**PROBLEM STATEMENT**
For this exercise, write out every entry exactly and leave the pictures out.

MATERIAL FOR THE TASK START

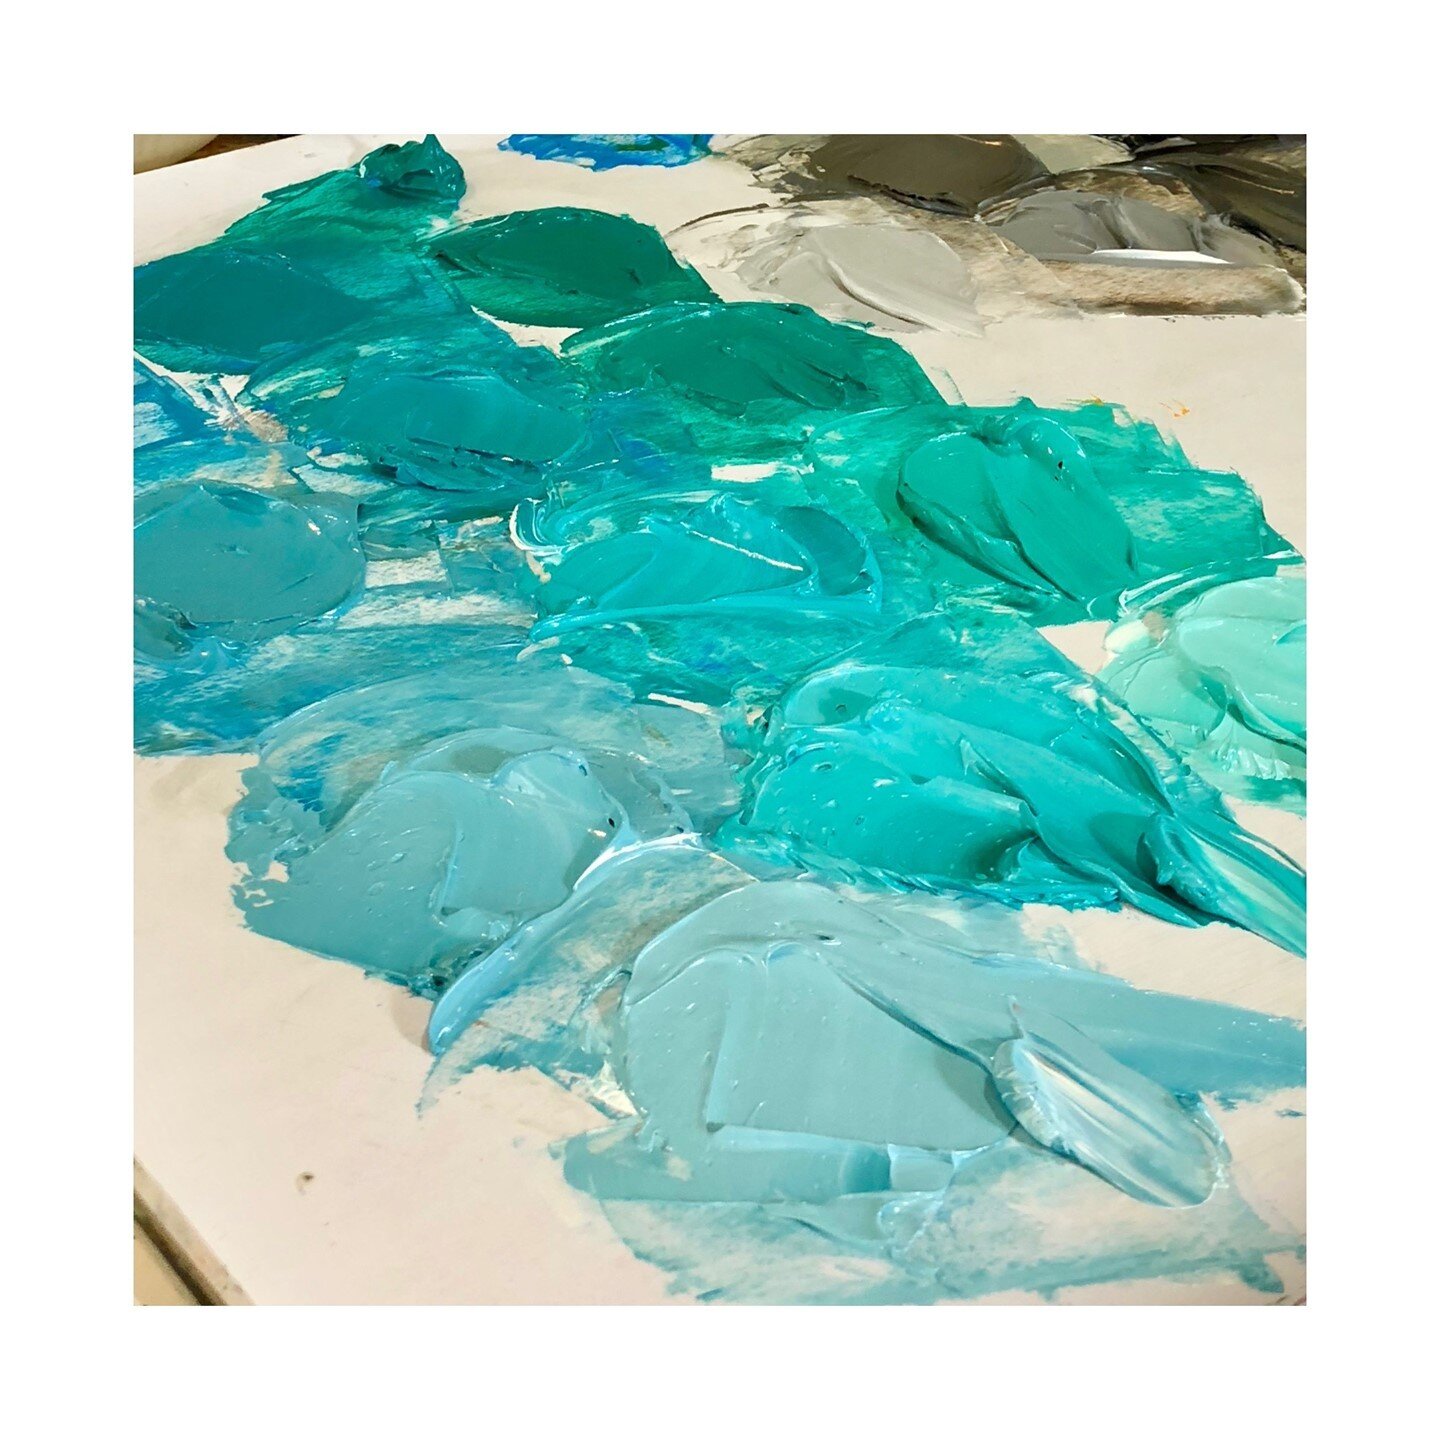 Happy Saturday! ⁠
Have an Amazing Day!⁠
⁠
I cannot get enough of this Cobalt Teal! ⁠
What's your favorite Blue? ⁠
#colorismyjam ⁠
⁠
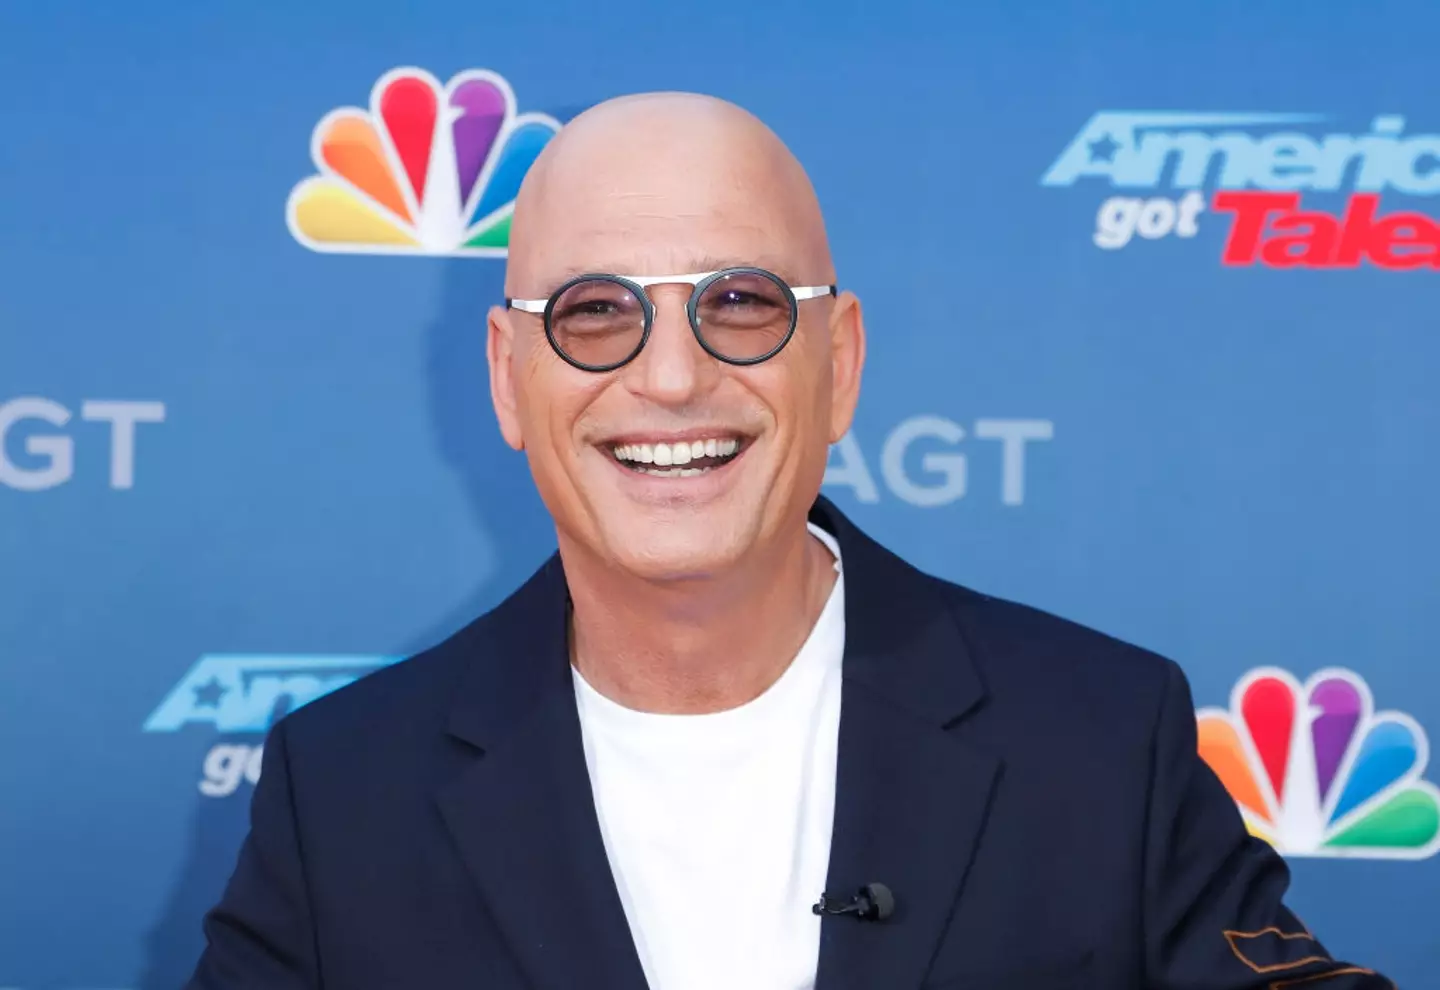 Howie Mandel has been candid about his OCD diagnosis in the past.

MATERIAL FOR THE TASK END

**EXERCISE ANSWER**
 Happy Saturday! ⁠
Have an Amazing Day!⁠
⁠
I cannot get enough of this Cobalt Teal! ⁠
What's your favorite Blue? ⁠
#colorismyjam ⁠
⁠
 Howie Mandel has been candid about his OCD diagnosis in the past.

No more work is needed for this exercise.